AFL-CIO Already Wary Of Possible Obama Job Proposal

Labor Already Wary Of Possible Obama Job Proposal

WASHINGTON -- The nation's largest federation of labor unions is already skeptical of a jobs scheme President Obama may propose in his address to Congress next week.

The administration has hinted it is interested in replicating a Georgia program that lets businesses train jobless workers for eight weeks without having to pay them on a national scale. The program, called Georgia Works, is voluntary for businesses and workers and is only open to recipients of unemployment insurance.

"I am writing to convey the AFL-CIO's continuing and serious concerns about the existing Georgia Works program and any expansion of the Georgia Works model," AFL-CIO president Richard Trumka wrote in a Thursday letter to U.S. Labor Secretary Hilda Solis.

"I am also requesting that the Department investigate the Georgia Works program to determine whether it is in compliance with federal law and conduct a full audit and evaluation of the program's operations to determine its impact on workers and their communities," Trumka continued.

Representatives from the AFL-CIO expressed their concerns to the administration in a meeting earlier this week. The White House did not immediately respond to a request for comment on the letter. The administration has declined to provide any details about its forthcoming jobs plan, though it has not denied that it is open to looking at Georgia Works as a model.

The National Employment Law Project, a worker advocacy group, asked the Labor Department in 2009 whether Georgia Works complied with federal labor laws, which require workers to be paid the minimum wage with a narrow exception for trainees. The administration subsequently issued guidance to state labor departments on requirements programs must meet to classify participants as trainees instead of employees. One of the six requirements is that an employer "derives no immediate advantage from the activities of the trainees, and on occasion the employer's operations may actually be impeded."

NELP has told HuffPost that it has interviewed Georgia workers who said their eight weeks were more like work than training. A trainee who got her job through the program said that during her training, "We were actually working for six weeks." The Georgia Department of Labor previously told HuffPost that the federal government has vetted the program and that it complies with federal standards.

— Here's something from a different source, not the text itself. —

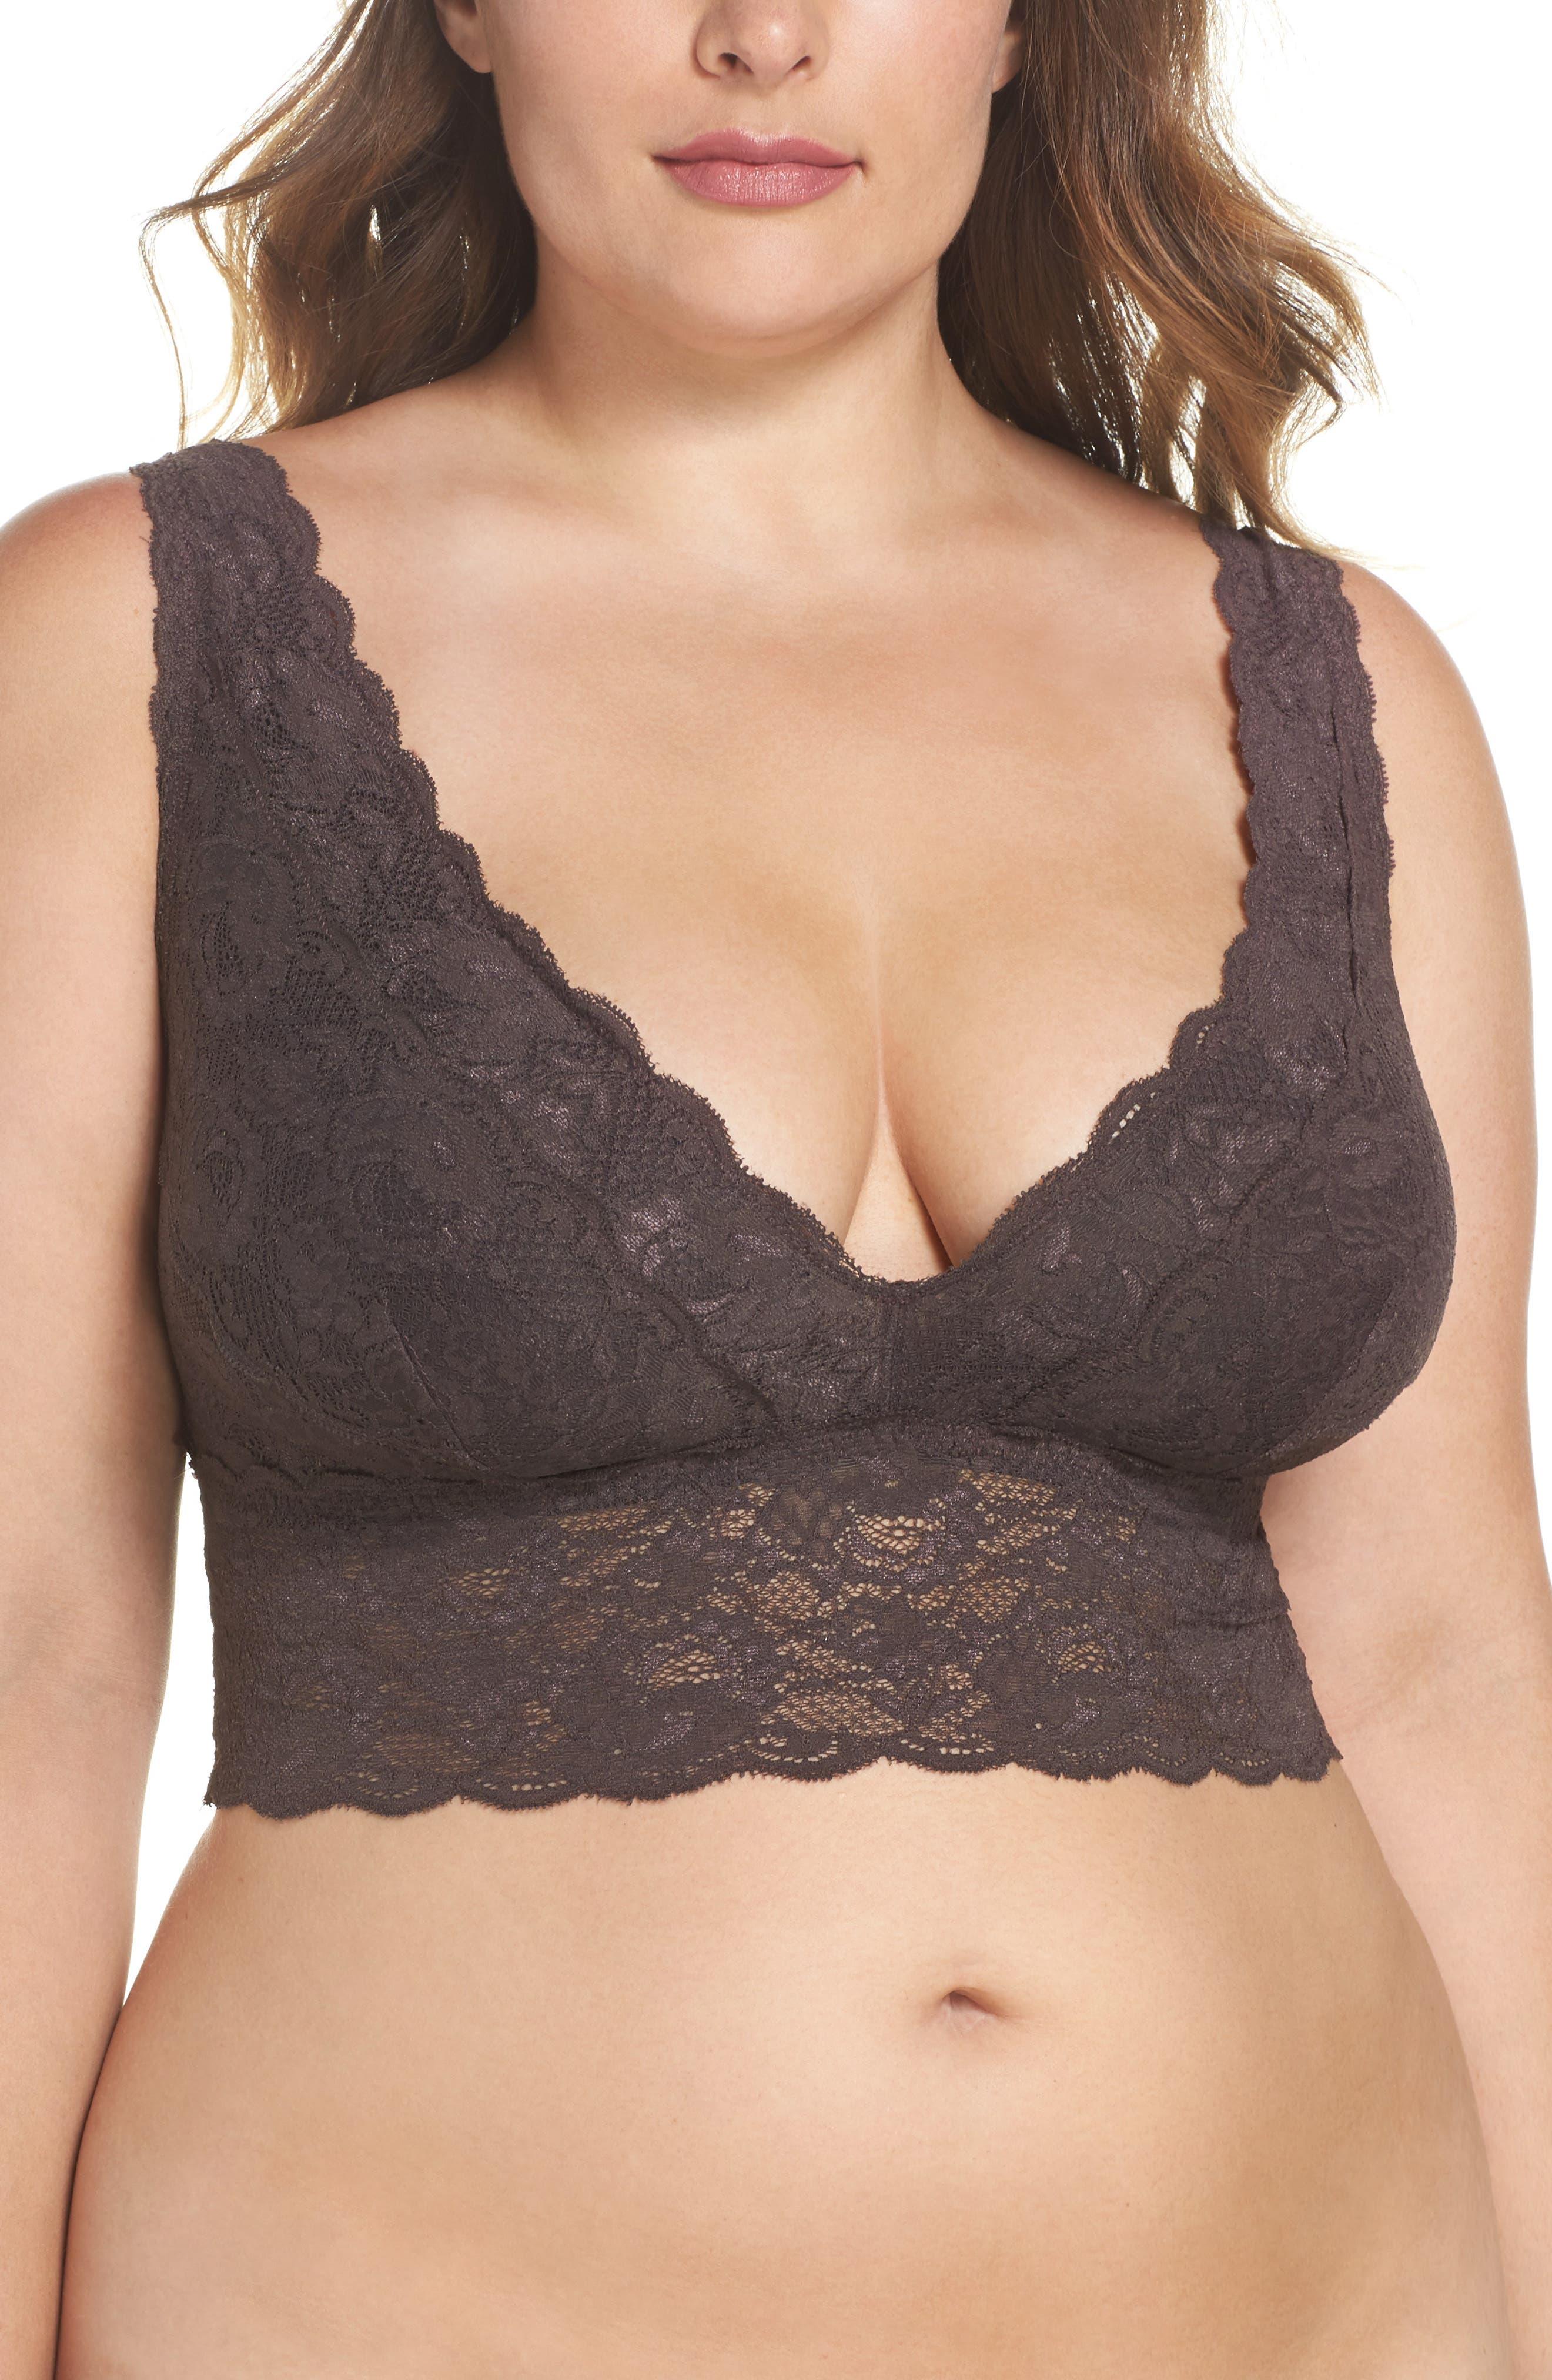 Main Image - Cosabella Never Say Never Plungie Lace Longline Bralette (Plus Size)

Labor advocates worry that even though the program is voluntary, attaching it to the unemployment insurance system could eventually lead to a worst-case scenario in which jobless workers are forced to work for free as a condition of receiving unemployment benefits.

Economists haven't studied Georgia Works and there is little data to recommend it. Though the Georgia Department of Labor has said 60 percent of trainees who go through the program wind up with job within 90 days, the statistic is hollow; it doesn't mean 60 percent of the workers actually had jobs at the 90-day mark (a worker could have worked for just one of those 90 days to become part of the stat, for example).

In his letter, Trumka provided a set of nearly two-dozen questions about the program. "Have any UI claimants been steered into the Georgia Works program, even though the program purports to be voluntary?" Trumka wrote. "Has there been a control group study to determine whether Georgia Works has been more effective than no intervention at all?"

The U.S. Labor Department did not respond to a request for comment. The Georgia Labor Department declined to comment.